Frequency Threshold: The FCEV response is triggered when the frequency drops below 49.5 Hz.

✓

Droop Slope: ${\displaystyle \frac{dp}{df}}={\displaystyle \frac{P_{max}}{1.5}} (\mathrm{kW}/\mathrm{Hz})$, where $P_{max}$ represents the maximum power provided by the FCEV.

✓

Maximum Reaction Delay: The response delay should be less than 100 ms.

✓

Ramp-Up Time: The ramp-up time from 0 to $P_{max}$ is recommended to be less than 2 s.
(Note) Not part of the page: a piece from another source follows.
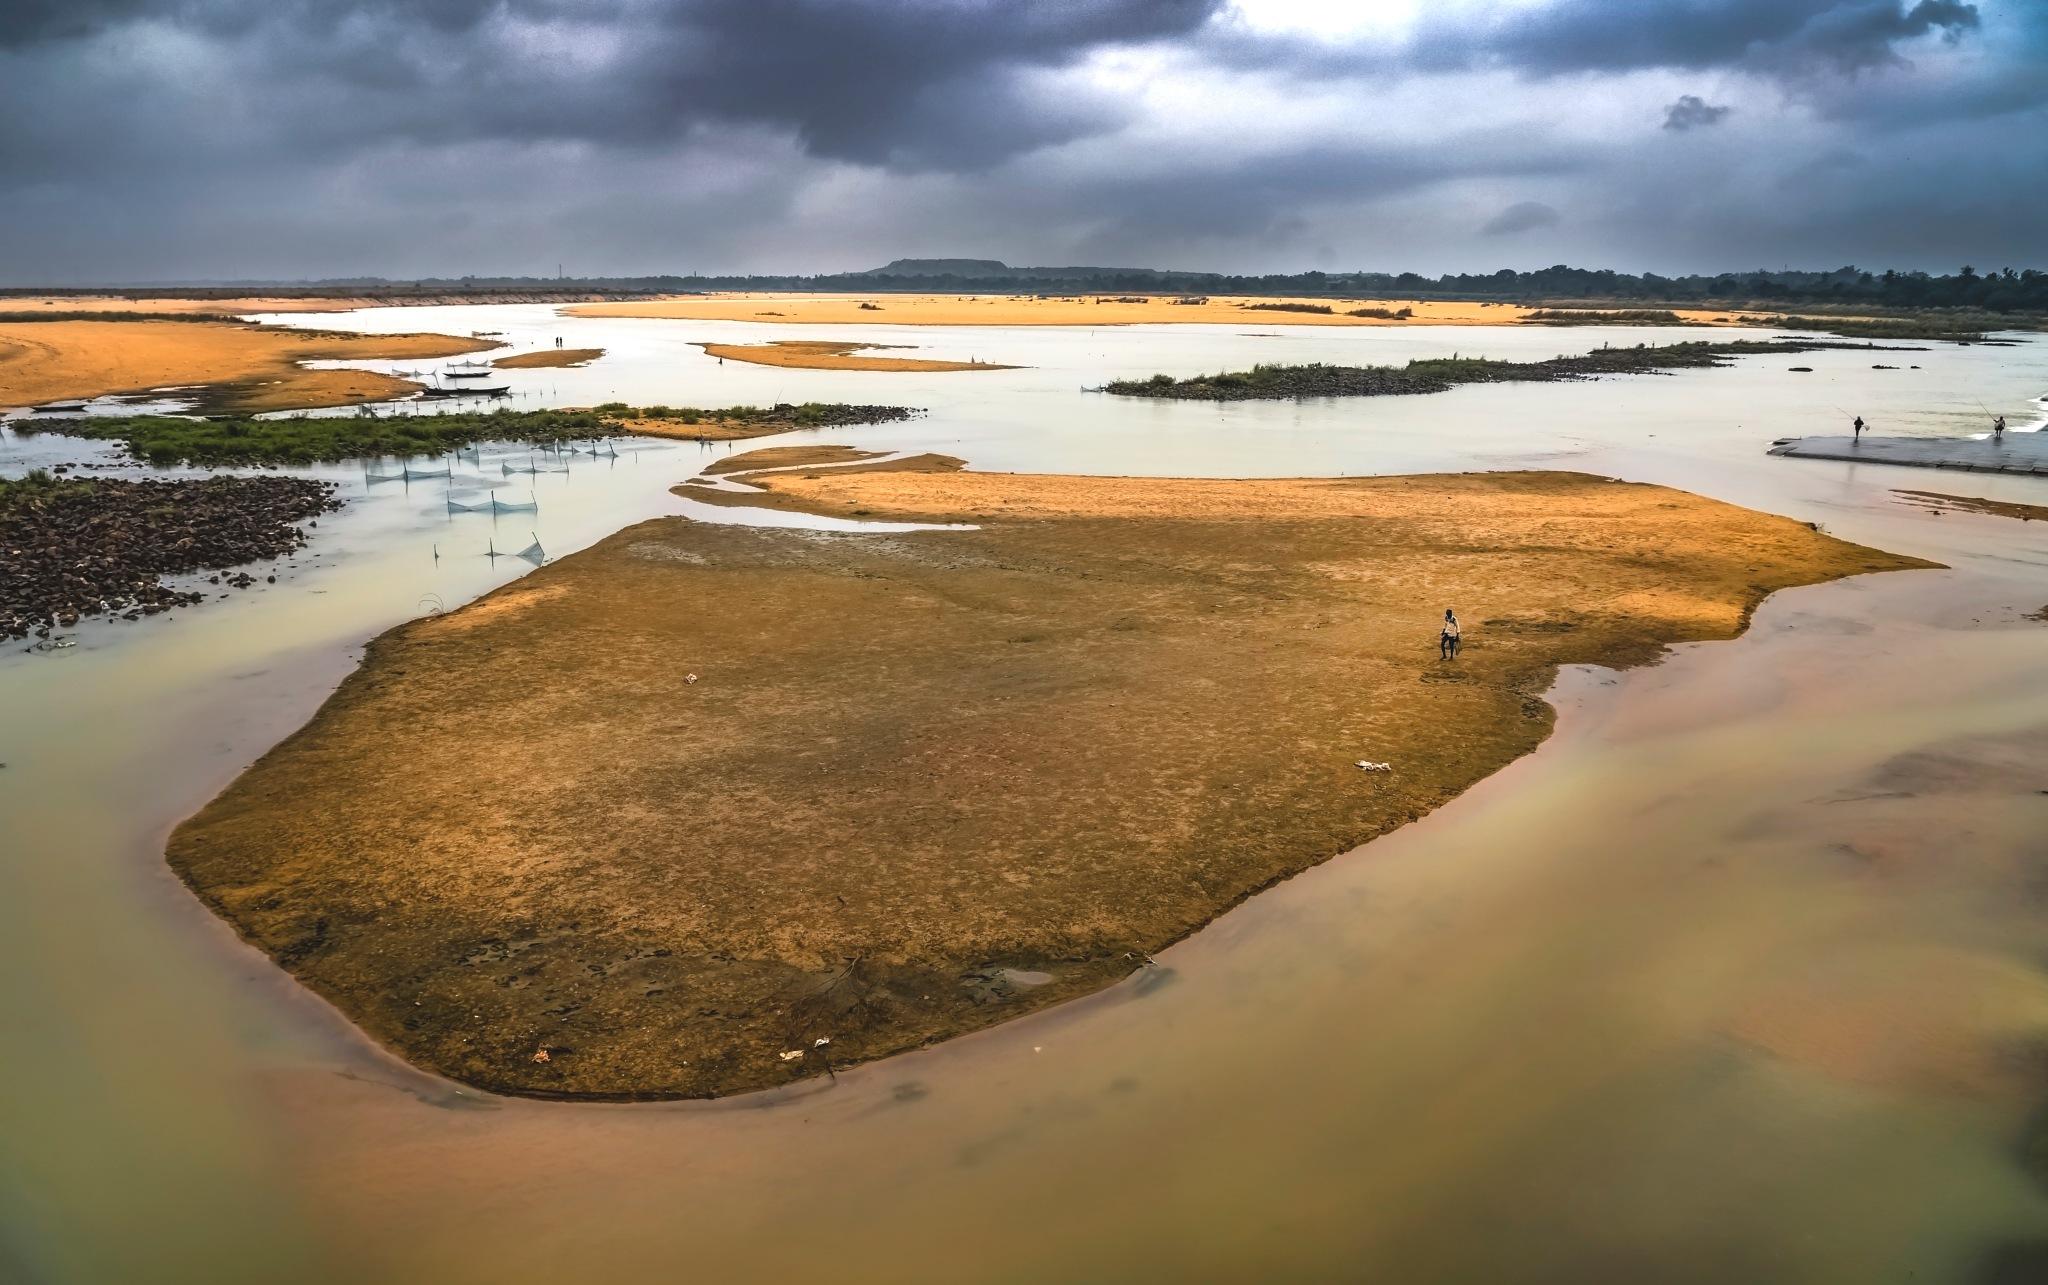 LANDSCAPE by Anupam Banerjee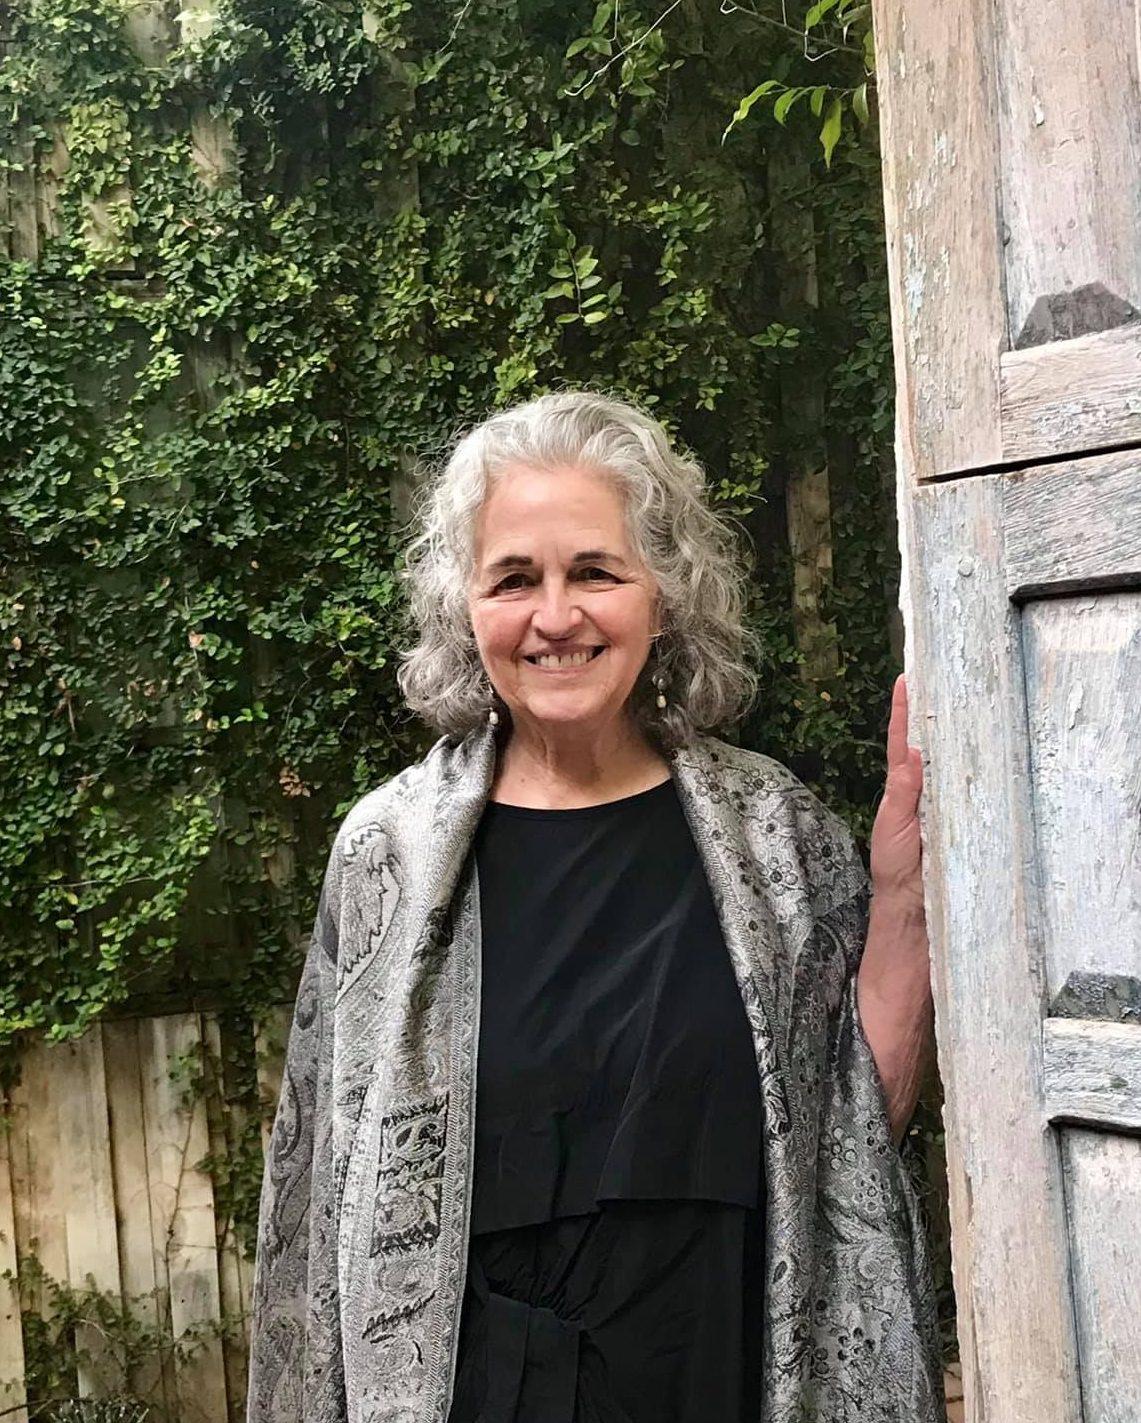 Christine Korfhage

These recommendations aim to ensure the effective integration of FCEVs into grid-support operations considering both the network’s requirements and the FCEV response capability.

5. Conclusions

This paper explores an innovative approach to fast frequency control in electric grids utilizing parked FCEVs, specifically heavy vehicles like trucks. These vehicles, equipped with hydrogen storage tanks and fuel cells, can be repurposed as dynamic grid-support assets while parked in designated areas. Through an external cable and inverter system, FCEVs inject power directly into the grid by converting DC from fuel cells into AC comp4atible with grid requirements. This capability addresses sudden power imbalances, providing a rapid and efficient solution for frequency stabilization. The system’s external inverter acts as a central control hub, continuously monitoring real-time grid frequency and directing FCEVs to supply virtual inertia and primary (droop-controlled) power reserves when needed. By harnessing these capabilities, the proposed approach supports thermal generators in stabilizing grid frequency more effectively, enhancing the resilience of low-inertia grids. Specifically, three scenarios were analyzed, each involving different power imbalances and system inertia levels. The results reveal that, without the support of FCEVs, two out of the three scenarios lead to frequency drops approaching 46 Hz—well below the acceptable threshold of 48 Hz. Furthermore, one scenario results in a complete system collapse. In contrast, when FCEVs are utilized as dynamic grid-support assets, the frequency remains above 48 Hz in all scenarios, demonstrating the effectiveness of the proposed concept.

Regarding the economic feasibility of the proposed concept, the daily hydrogen consumption per vehicle is estimated at approximately 0.3 kg, corresponding to a cost of around EUR 1.5 per vehicle. For the examined island with a nominal power of 100 MW (an island the size of Rhode, Greece), the case study indicates that maintaining frequency stability requires a fleet of 100 FCEVs, resulting in a total daily cost of EUR 150. Comparatively, the proposed FCEV-based solution offers a cost advantage, with expenses up to three times lower than those of a grid-scale battery system designed to deliver equivalent frequency response services. Namely, the annual cost of the proposed concept amounts to EUR 54,750, compared to the annualized cost of a grid-scale battery, which was calculated at EUR 157,375.